■ **ASSIGNED TASK**
Lines from the one containing "Californication Album Cover" through the final line of the data, restated word for word and free of pictures, make up the whole answer.

■ **DATA SHOWN**
________

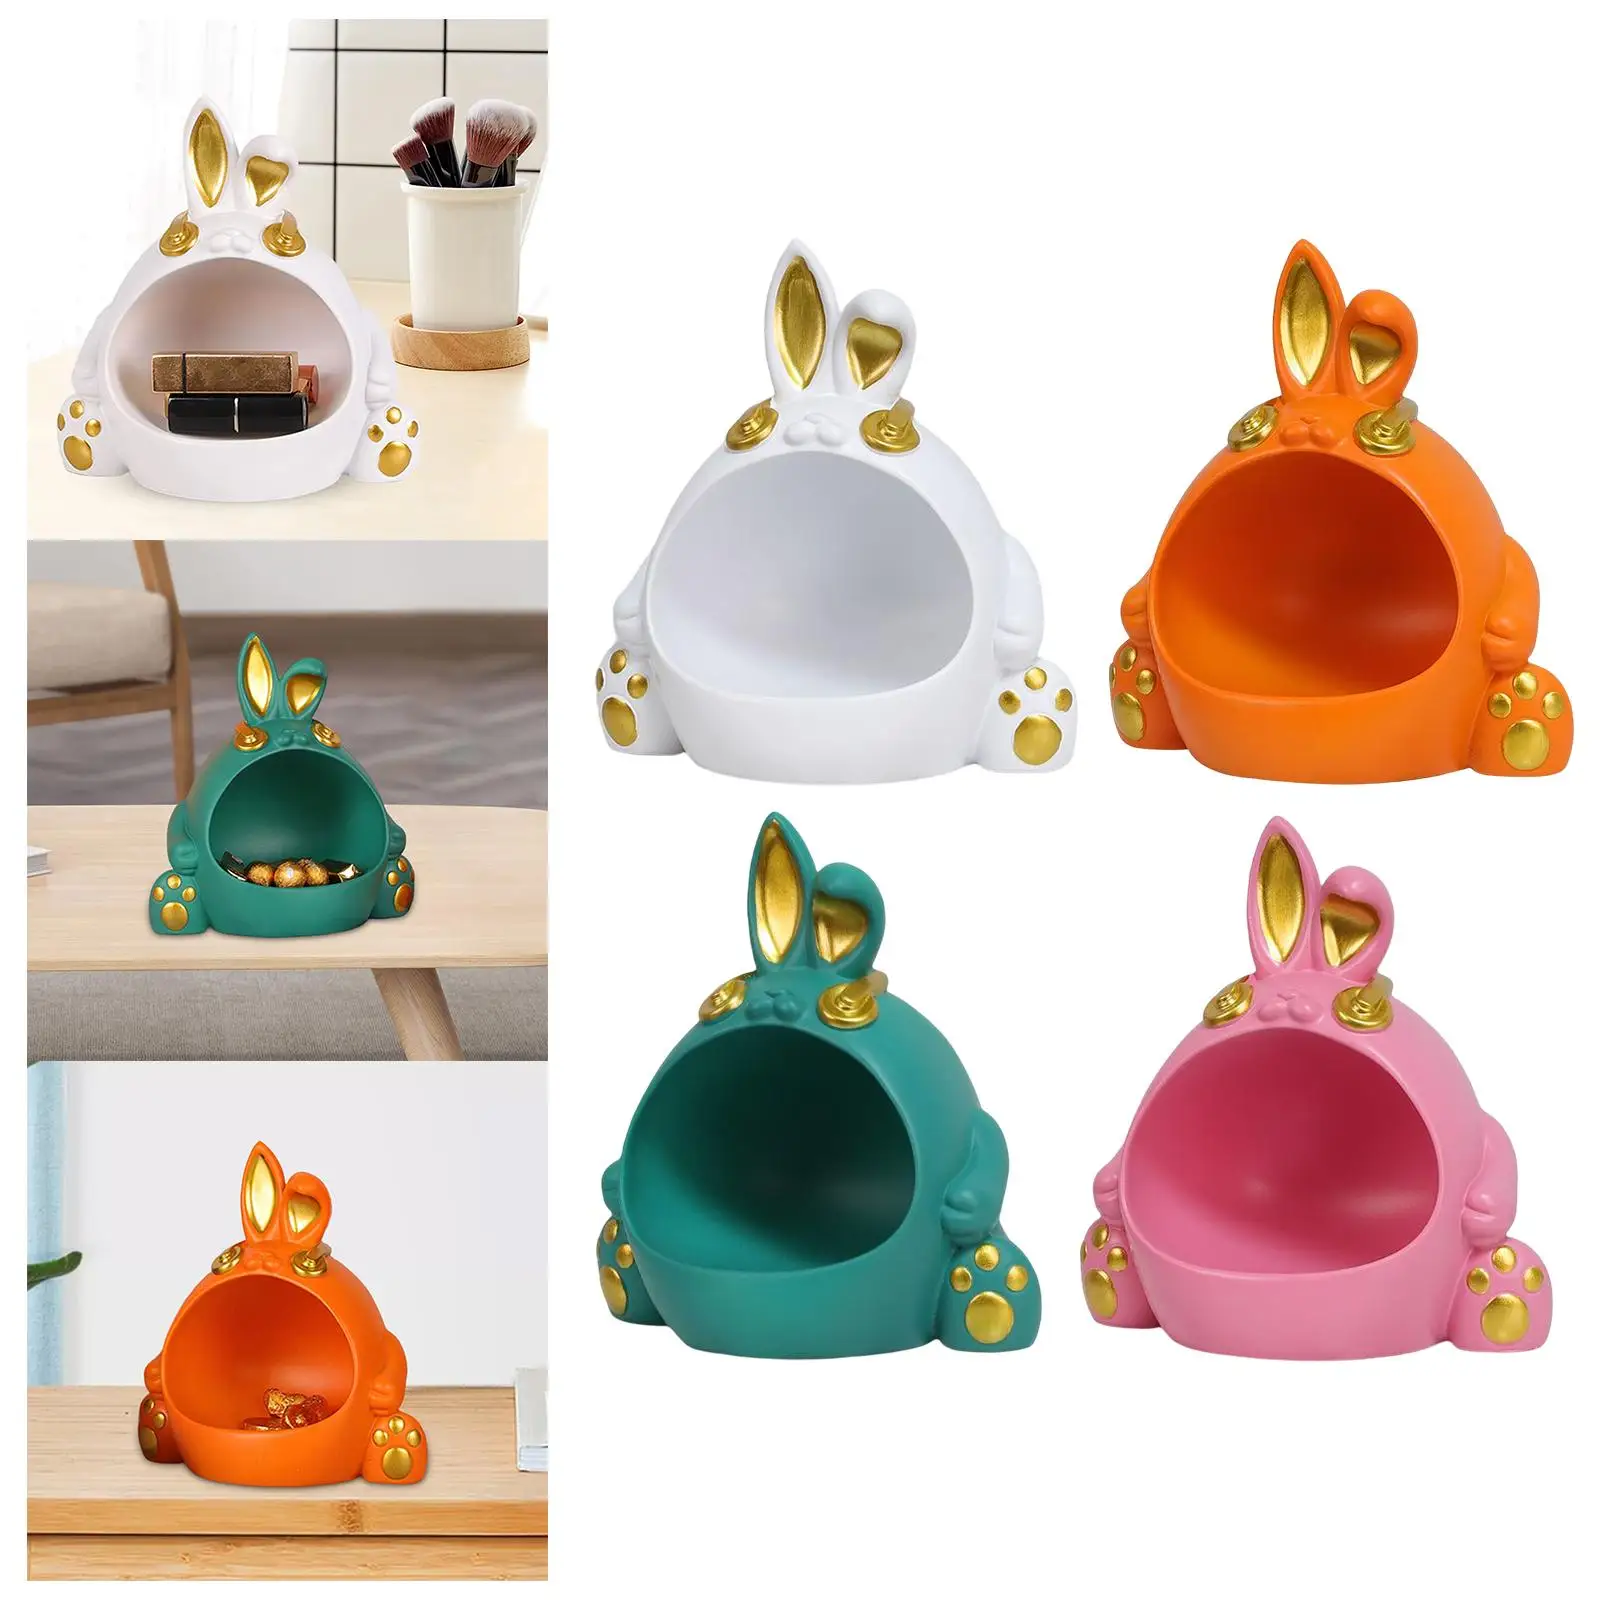 Resin Storage boxes bunny Figurine Cute Animal for Bathroom Crafts Living Room Home Decor
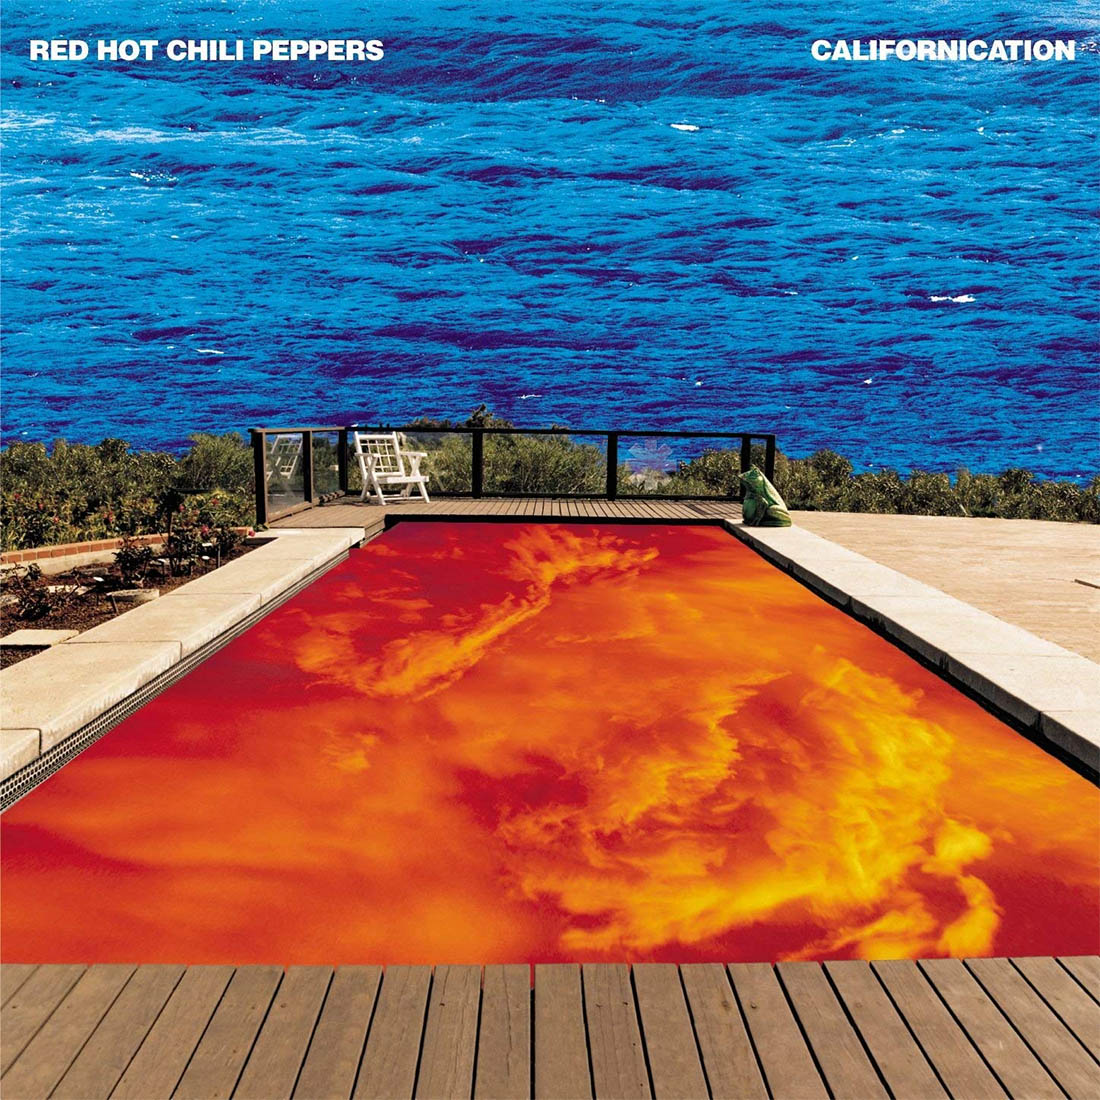 Californication Album Cover by Lawrence Azerrad
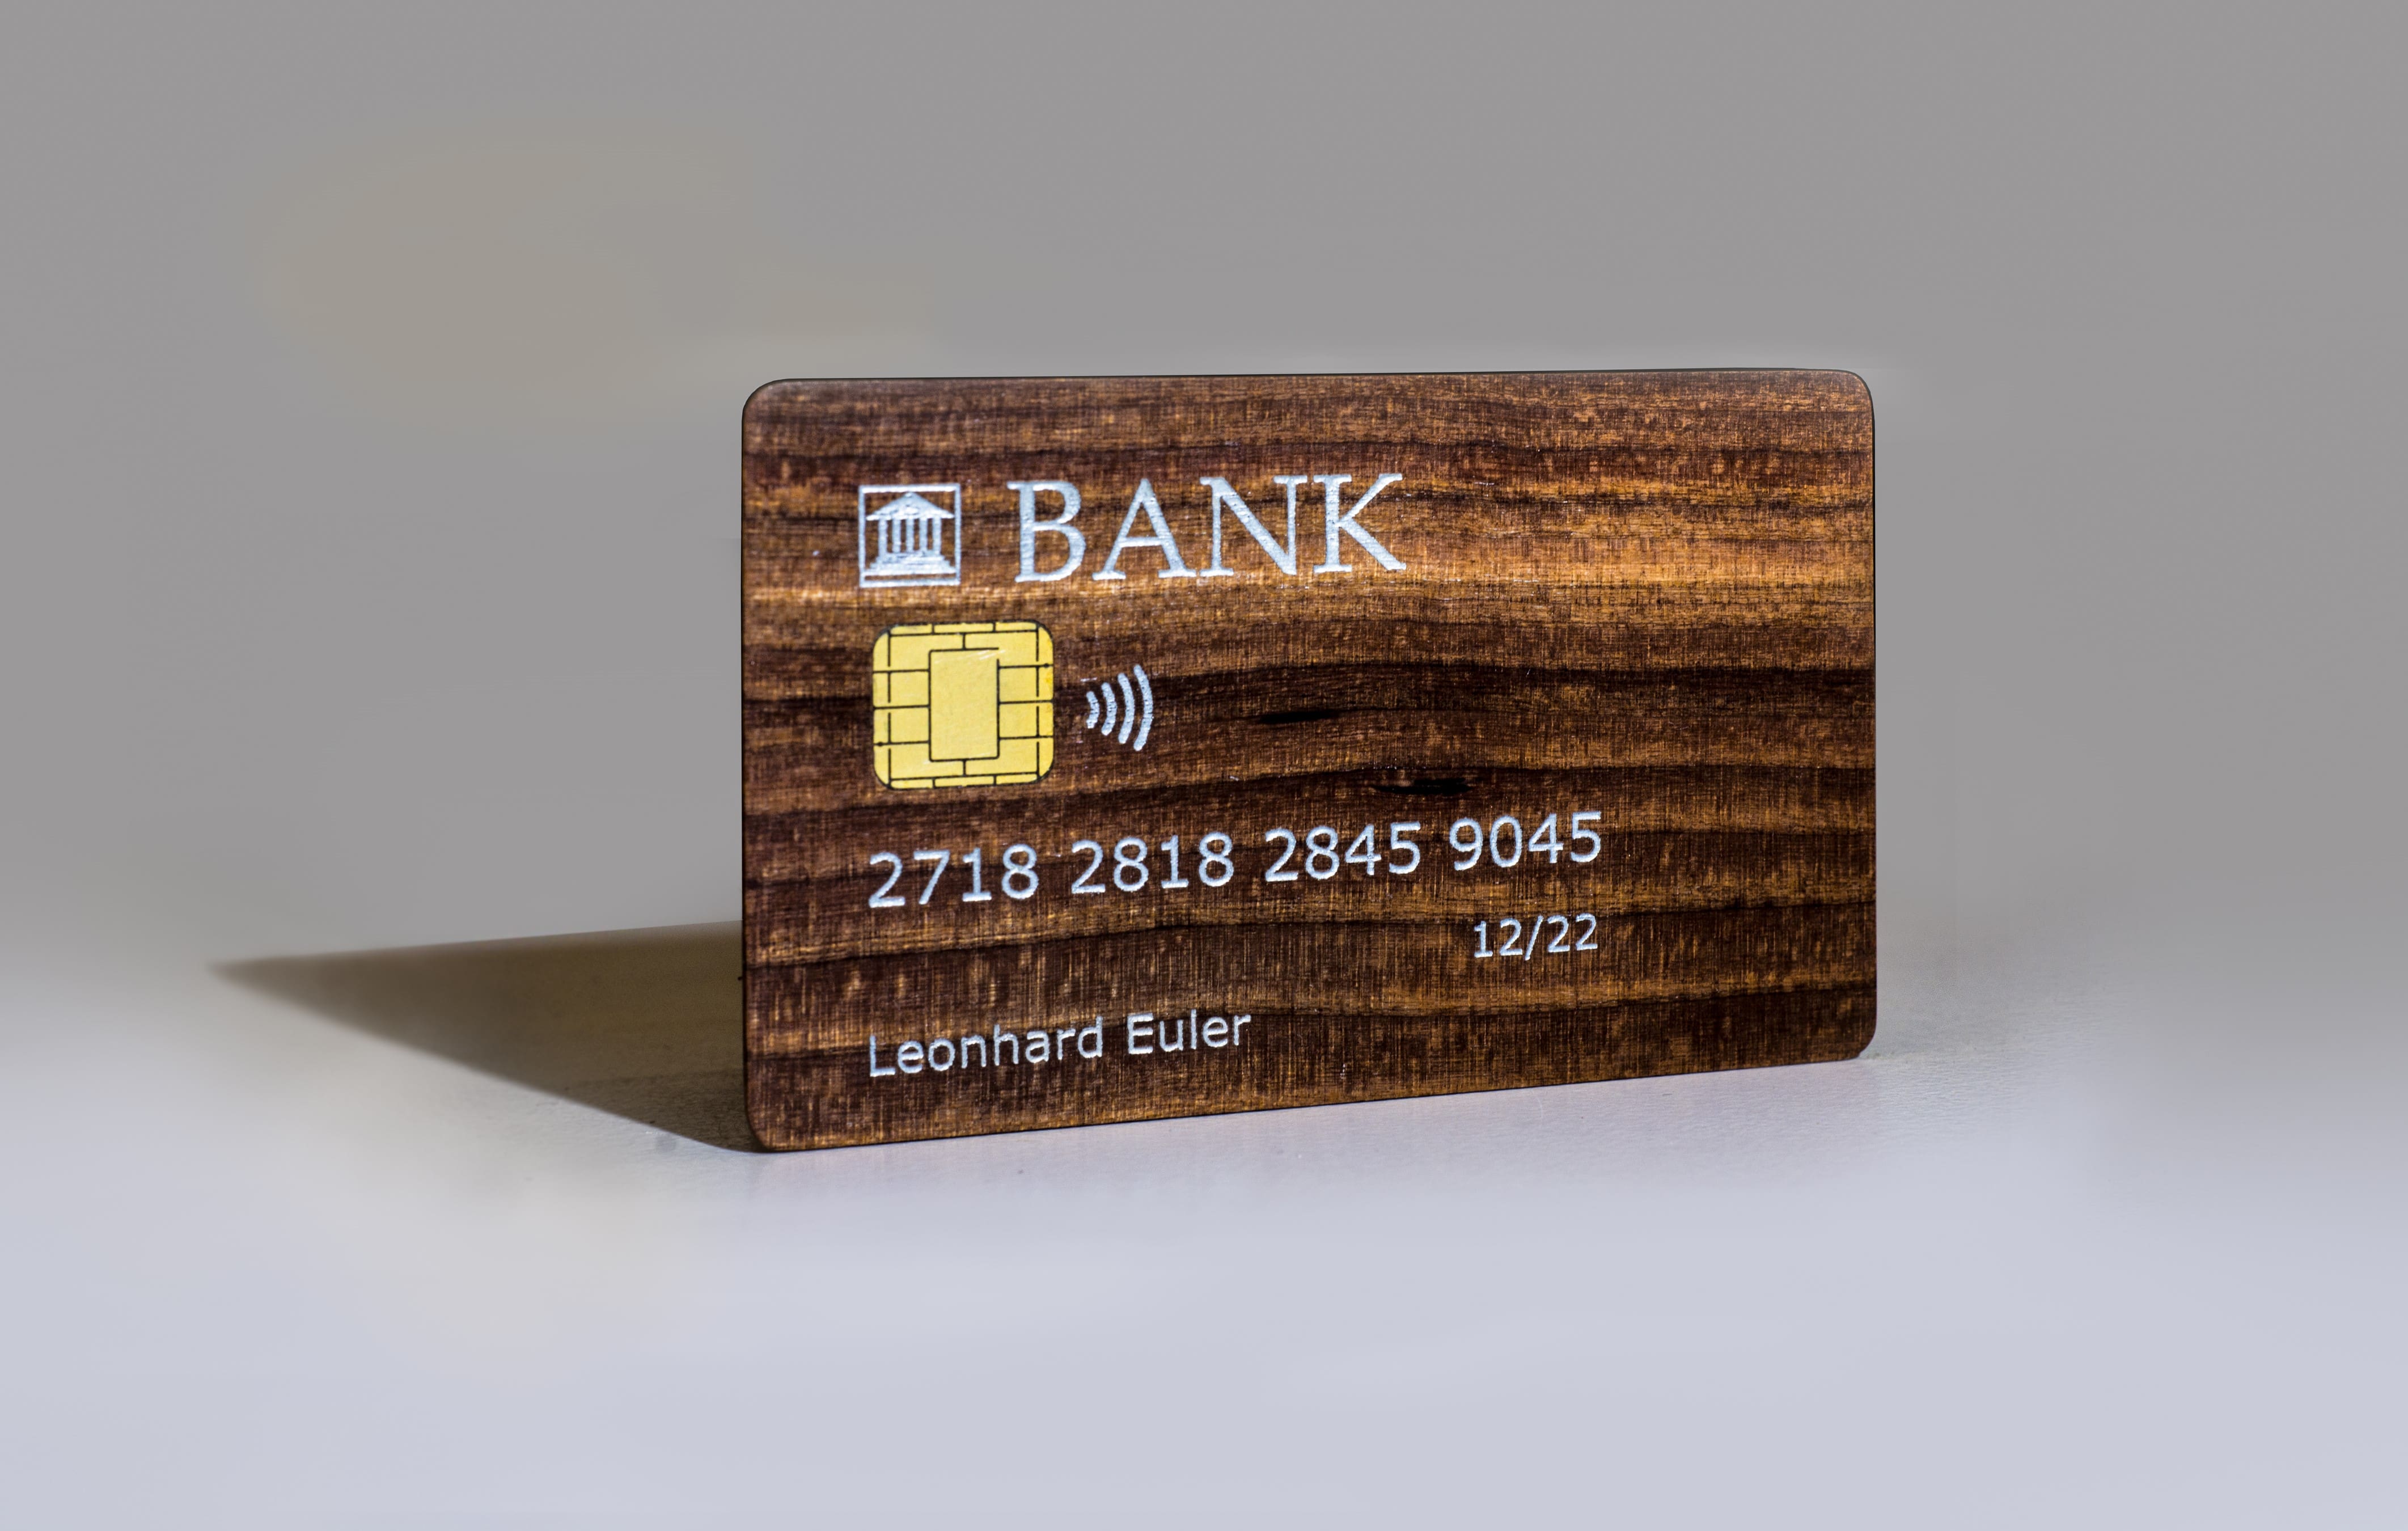 Chip card made of cherry wood, with contactless payment feature

________

■ **ANSWER TO THIS PROBLEM**
 Californication Album Cover by Lawrence Azerrad
 Chip card made of cherry wood, with contactless payment feature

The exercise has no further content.